According to the designer of the 555 Timer Hans Camenzind it got it's name because his boss at Signetics liked the number 555. At least that is what he said in his book Designing Analog Chips

Aha. The cell phone says this video was almos two months old. There should be lots of materials in the pipe ;)

I’m always impressed with how clean the PWM signal appears on your scope. Thanks for the video!

Small correction: A darlington pair differential amplifier has less differential current gain than a single transistor differential pair. Collector current ratio for single transistor pair is I0/I1=E^(DiffVoltage/TempVoltage), for darlington pair is I0/I1=E^(DiffVoltage/2 * TempVoltage). I think in case of 555, the Darlington pair decreases input current and allows seeing voltages very close to supply rail.

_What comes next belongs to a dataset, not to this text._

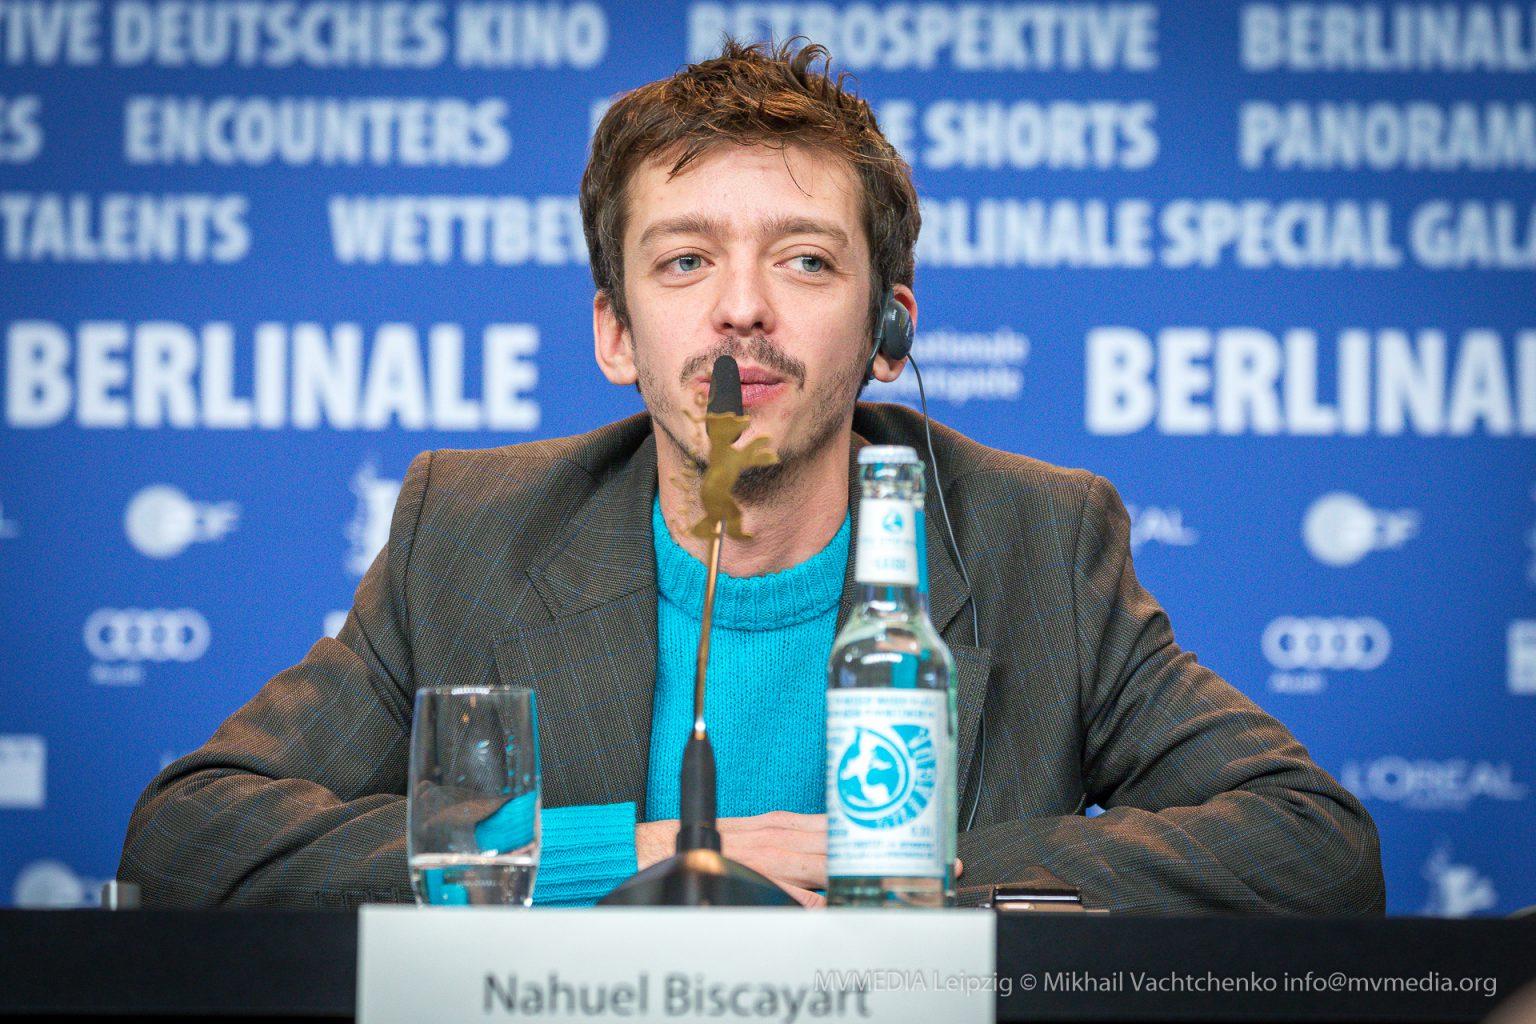 Nahuel Pérez Biscayart Pressekonferenz Berlinale

you touch really close to an idea that I have been thinking about regarding how to teach circuit design. that is the idea that what we should consider teaching first is not transistors, tubes, diodes, etc,... but rather start with those devices you see as root devices in Spice. that is current sources, controlled sources, voltage sources and the controlled version, etc. then AFTER students understand those items you behavior model transistors etc with the sources to explain the configuration/topology of various circuits. --- I imagine that had we been taught in that way - circuit design/analysis would be simpler.

I love this schematic video. Thanks!

I was wrong in my previous comment. The currents are not constant. But they are equal by current mirror. Using KCL at collector output node, the output current can be calculated as 2x the delta Ic of the right side or left side. Anyway the first stage is still a voltage-to-current amplifier.

I think I get the current mirror going into the two sides of the teeter-totter... The extra current on the other side is *blocked* from going through its collector, and therefore has to go *somewhere* which then forces that extra current into the base of the transistor in the *next stage* of the circuit. It wouldn't work well, I don't think, if the next stage couldn't sink it (e.g. if it were Hi-Z input).

Awesome ! a new and improved 555 tutorial...cheers.

Learn a lot. Thanx.

Op-Amps also have a lot of gain but make poor comparators unless one supplies some positive feedback to ensure some hysteresis and prevent oscillation at the threshold voltage. Is the current mirror in the 2/3 V comparator of the 555 effectively fulfilling the same role by injecting more current into the opposite side of the differential pair?

By holding the currents constant at the top, all the delta current will be squeezed out of the collector. They want maximum current, they don't want voltage.

You're the best.

Love the more in depth explanation. Oddly for that last few videos you put out seem to be about just the stuff I been wanting to get more understanding of. I been searching for discrete comparator circuits to understand it further (and possibly make my own comparator for the fun of it). Do you have a discord server?

15:43 I don't understand why you need Q5 and Q8. All 3 pins are connected together. If i pause the video and cover up pin 1 of Q5/Q8, pin 3 to pin 2 is basically a diode. When Q1 is turned on, it pulls the base of Q6 down, turning it on (Q6 is PNP), which allows current to flow out of pin 1 to R11 and Q15.

On many of your circuit/breadboard videos you use small bypass capacitors on your power rails. Could you do a short video on this topic?

Pin 5 can be used for frequency modulation when the 555 is oscillating.

Can someone explain why they didn't use the same buffered current mirror at the trigger comparator stage as at the threshold comparator?

Pin 5 is the mystery pin . You put a cap there but, no one knows why.